Wednesday, February 27, 2008

Christians and Textual Deconstruction

A couple of posts ago, I demonstrated why textual deconstruction is a failed philosophy. And as Christians, we are told (through Paul, in Colossians 2:8),
Do not be taken captive by empty philosophy...
But despite the absurdity of textual deconstruction, this postmodern idea has infiltrated all aspects of our culture, including the church.

Up until 100 years ago, when we analyzed, say, a novel, what we were concerned with was determining what meaning the author intended to convey. It was his or her meaning that mattered.
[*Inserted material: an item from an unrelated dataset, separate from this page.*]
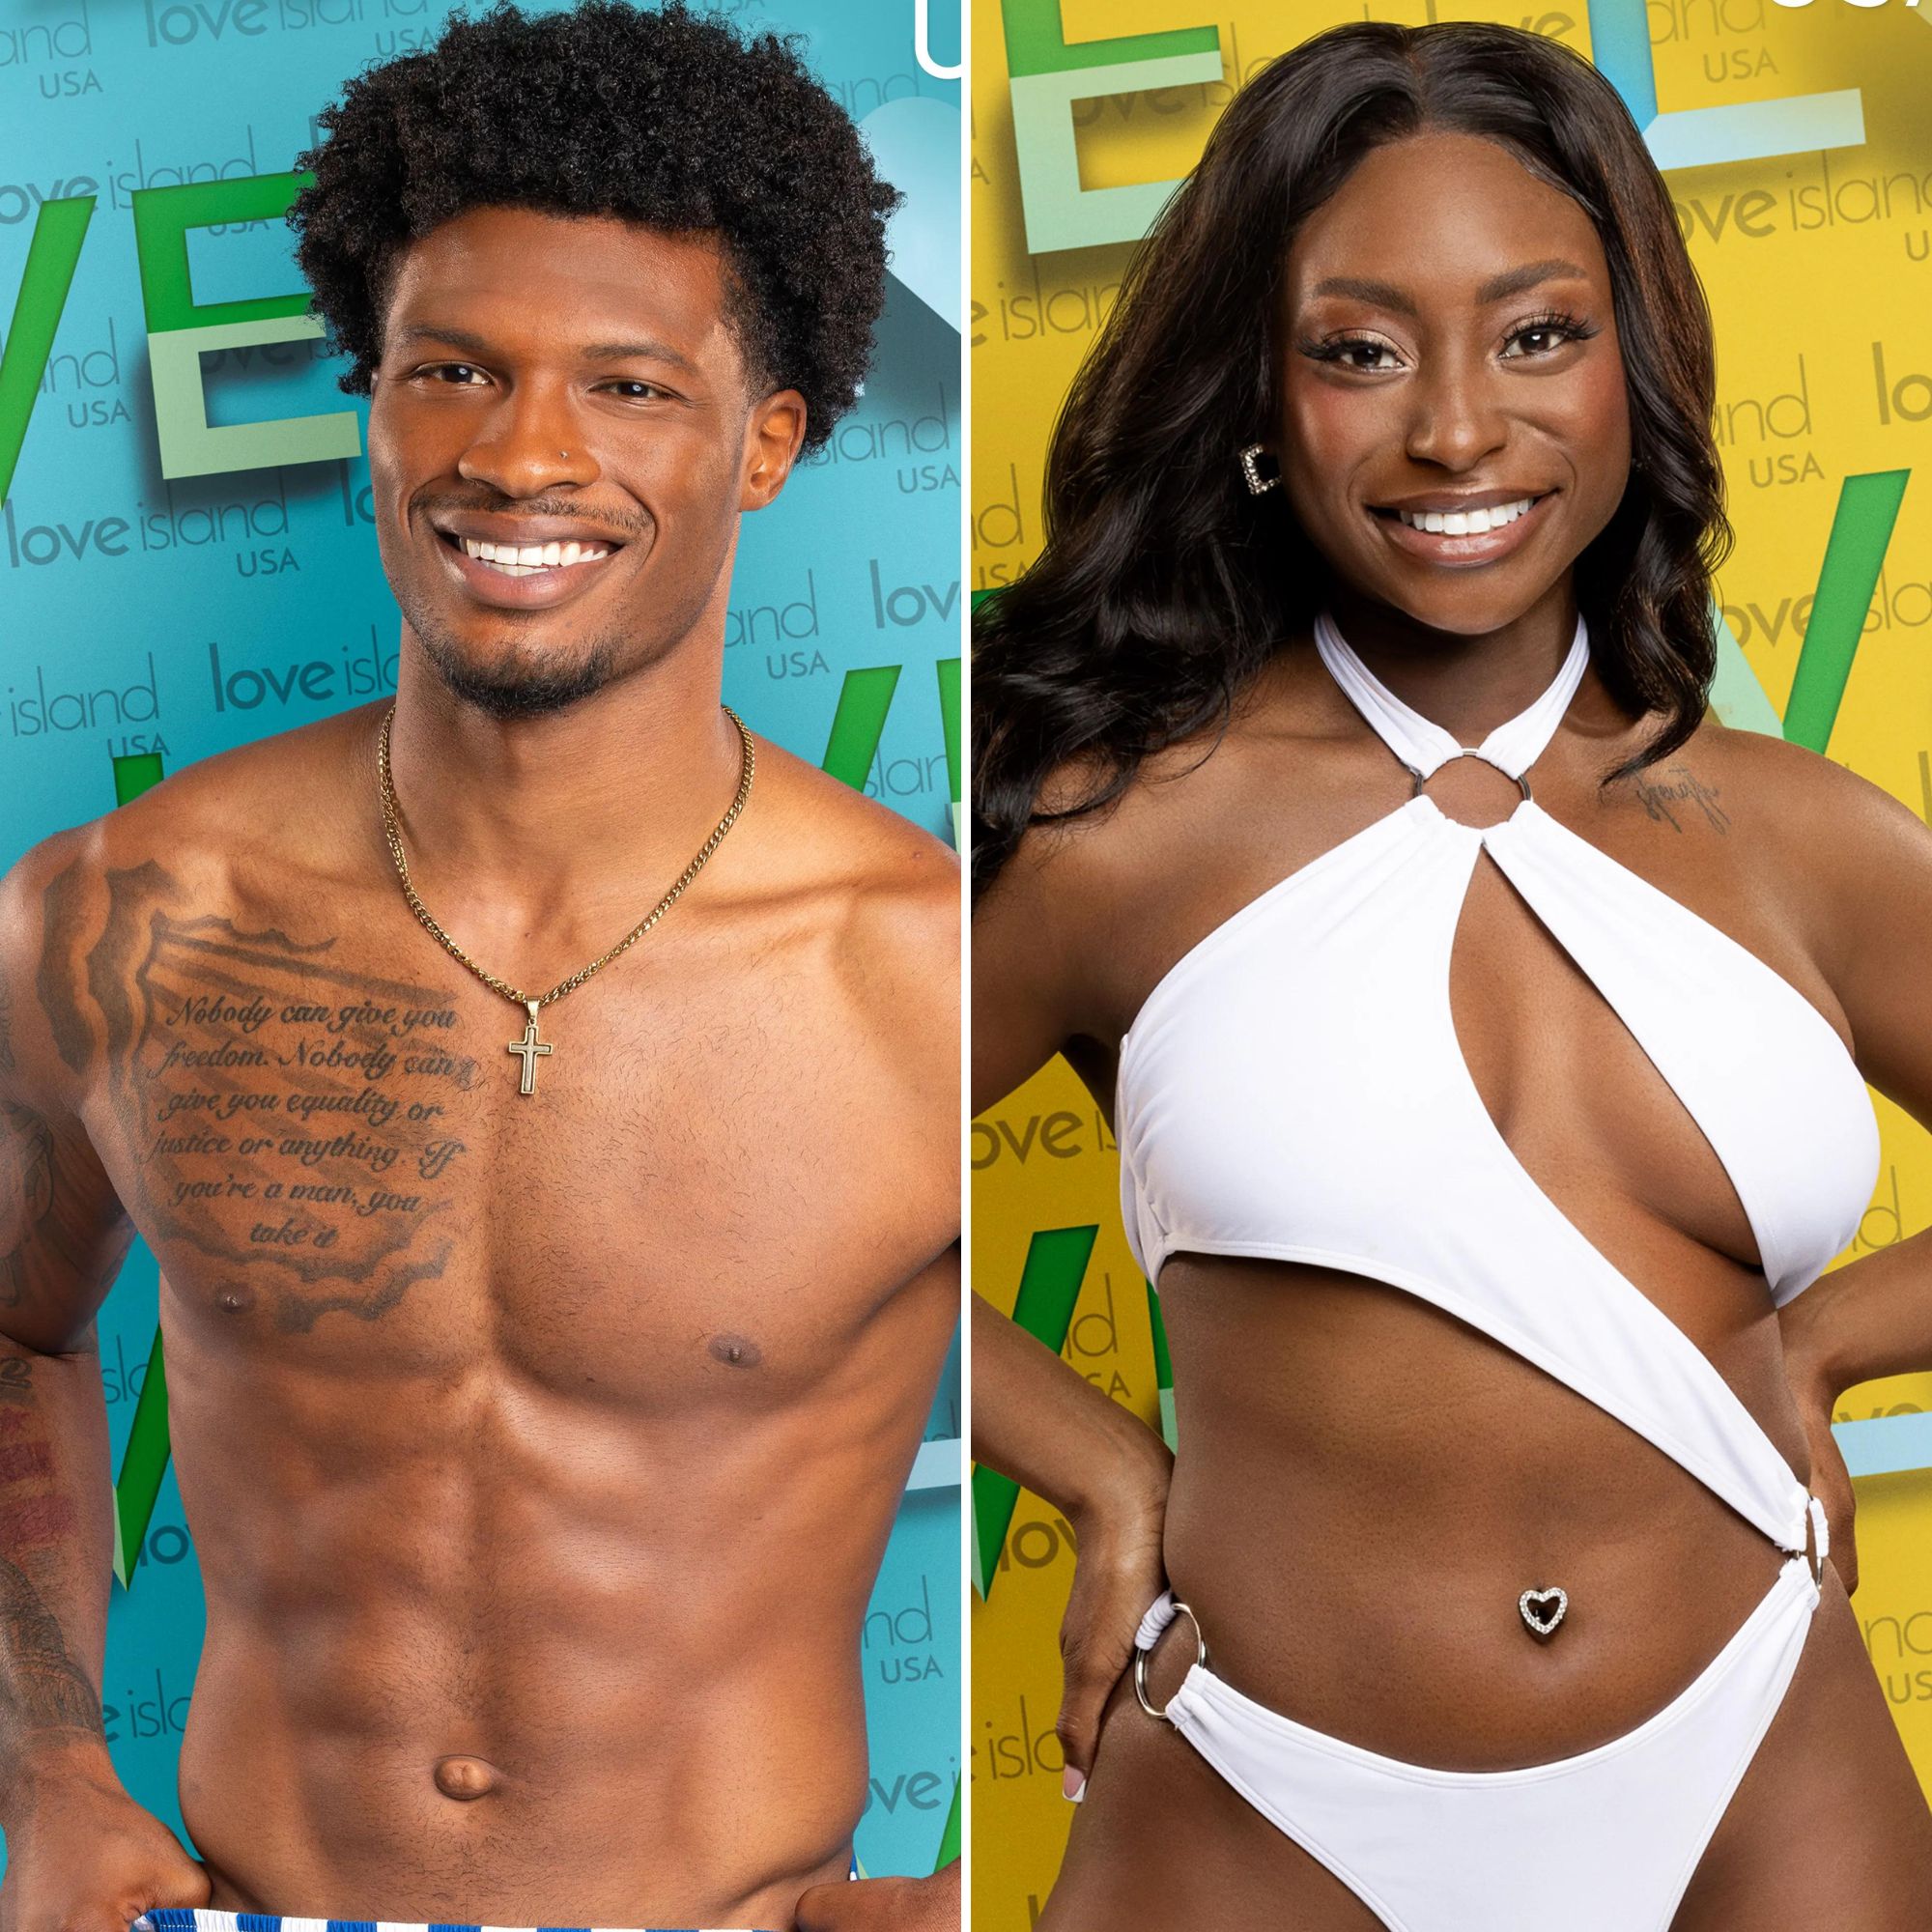 Love Island U.S.A. Are Keenan and Kay Kay Still Together?

Gradually, literary critics began to move from this position and begin to see the novel itself as the meaning-maker. Thus, it no longer mattered, say, what Herman Melville meant in Moby Dick; instead, the story's meaning was somehow inherent to the text itself, completely apart from the author's intent. But now, the view has progressed even further. Today, the book itself isn't even the holder of meaning. Rather, each reader provides the meaning as he or she interacts with the text. This is the subjective view of postmodernism. And it is logically absurd.
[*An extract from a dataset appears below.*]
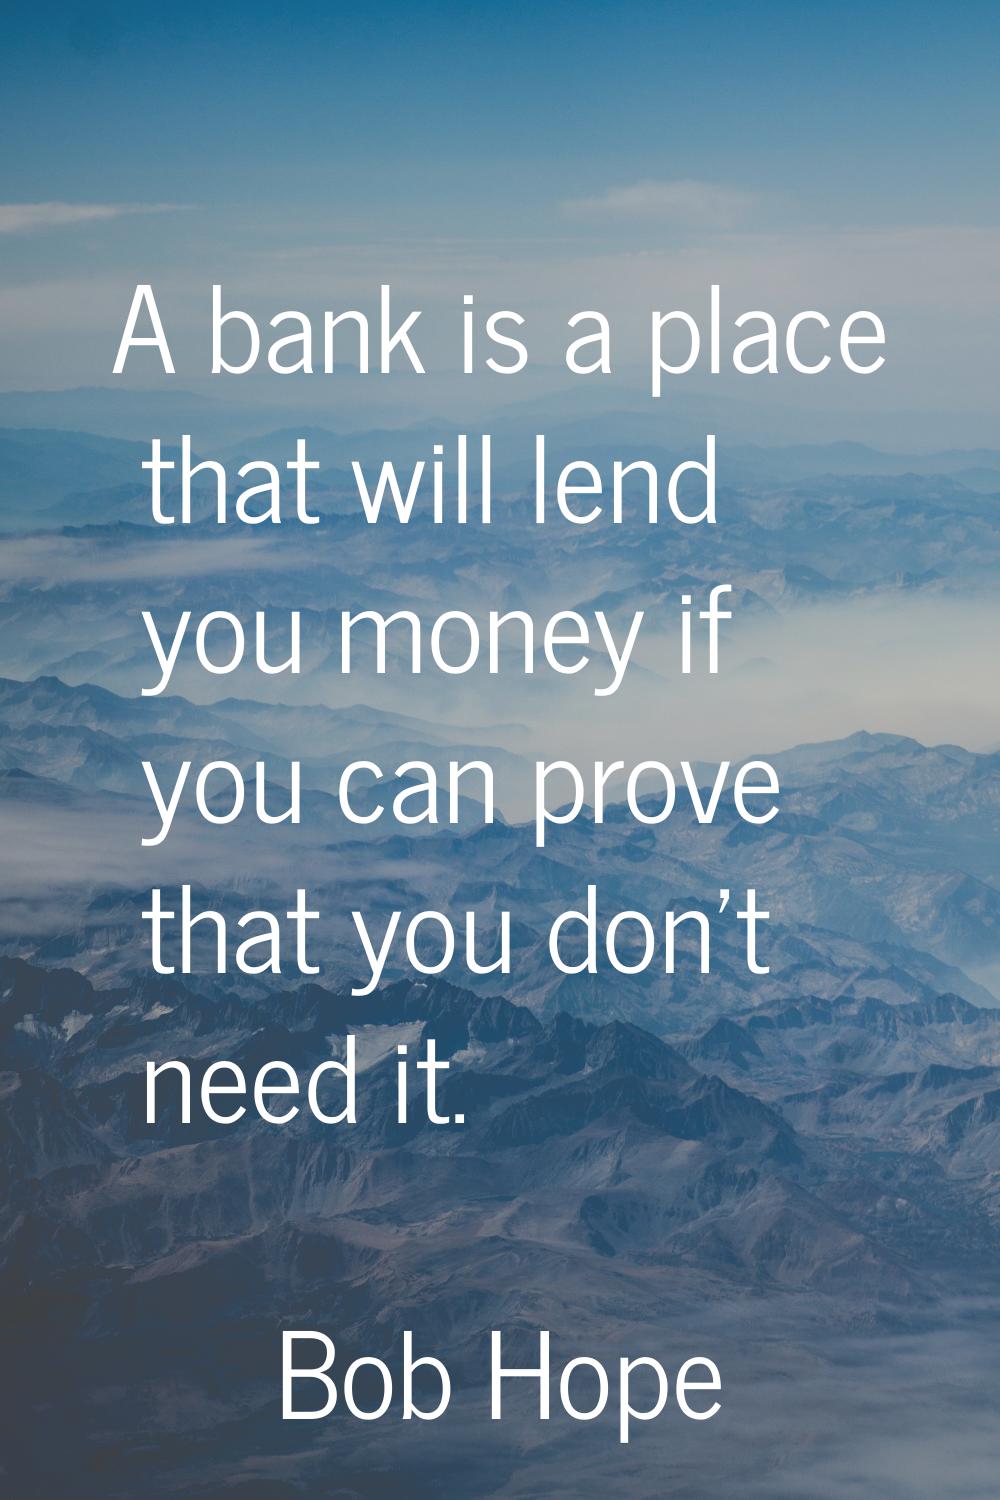 A bank is a place that will lend you money if you can prove that you don't need it.

But don't we hear this same sort of thing in Bible study? Most of us have experienced it in a small group; the leader reads a Bible passage and then asks, "What does this mean to you?" We go around the circle, each one sharing his or her own idea of the passage's meaning. We all (especially those of us who are the products of the Protestant Reformation) acknowledge the importance of personal Bible study. But when we take a subjective approach to interpreting the Bible's meaning, we have abandoned proper interpretation for the sort dictated by our postmodern culture.
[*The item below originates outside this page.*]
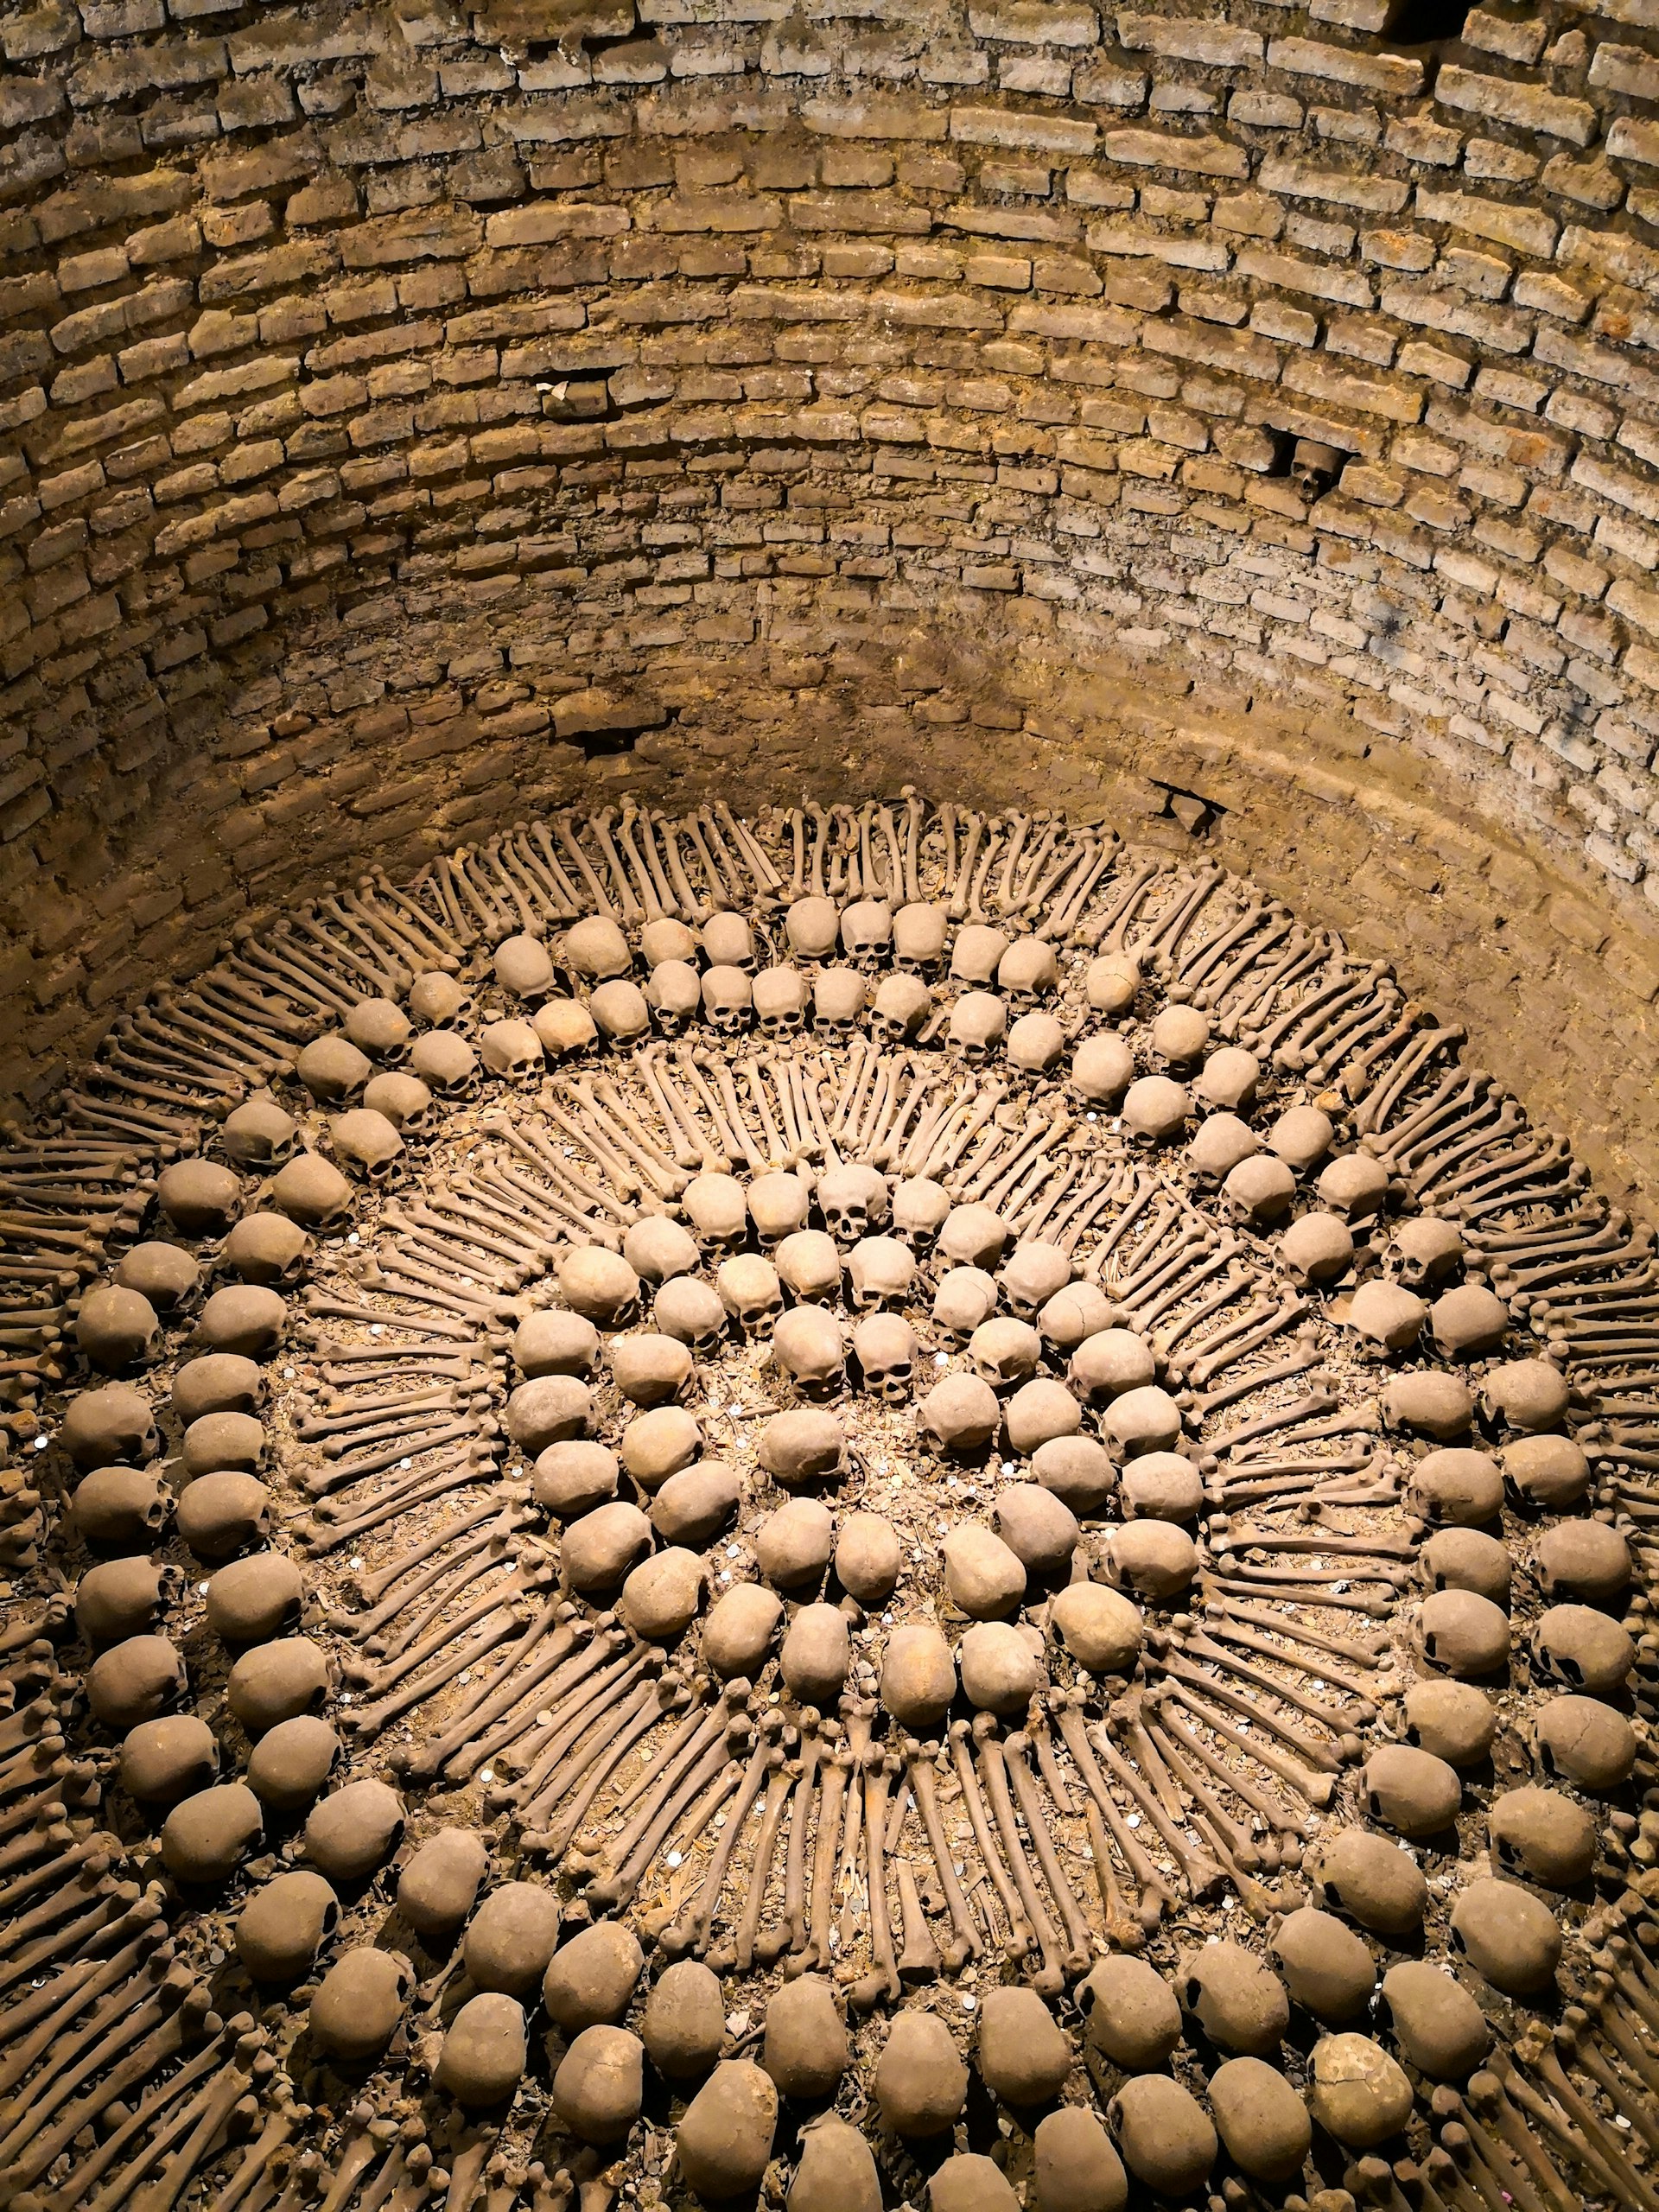 Bones laid out geometrically in the catacombs beneath The Monasterio de San Francisco, Lima

A Bible passage means only one thing. And that is what the original author (and the Holy Spirit through him) intended to convey to the original audience. (There are, of course, prophecies--including those with multiple fulfillments--that complicate this issue. Nonetheless,) proper biblical interpretation has been held to involve (at least since the Reformation) use of the grammatico-historical method. This method is meant to focus our attention on the original meaning of the text, and by doing so we avoid "reading into Scripture" our own ideas of what it ought to say.

When we abandon this method, we have conformed to the empty philosophy of our present age and culture.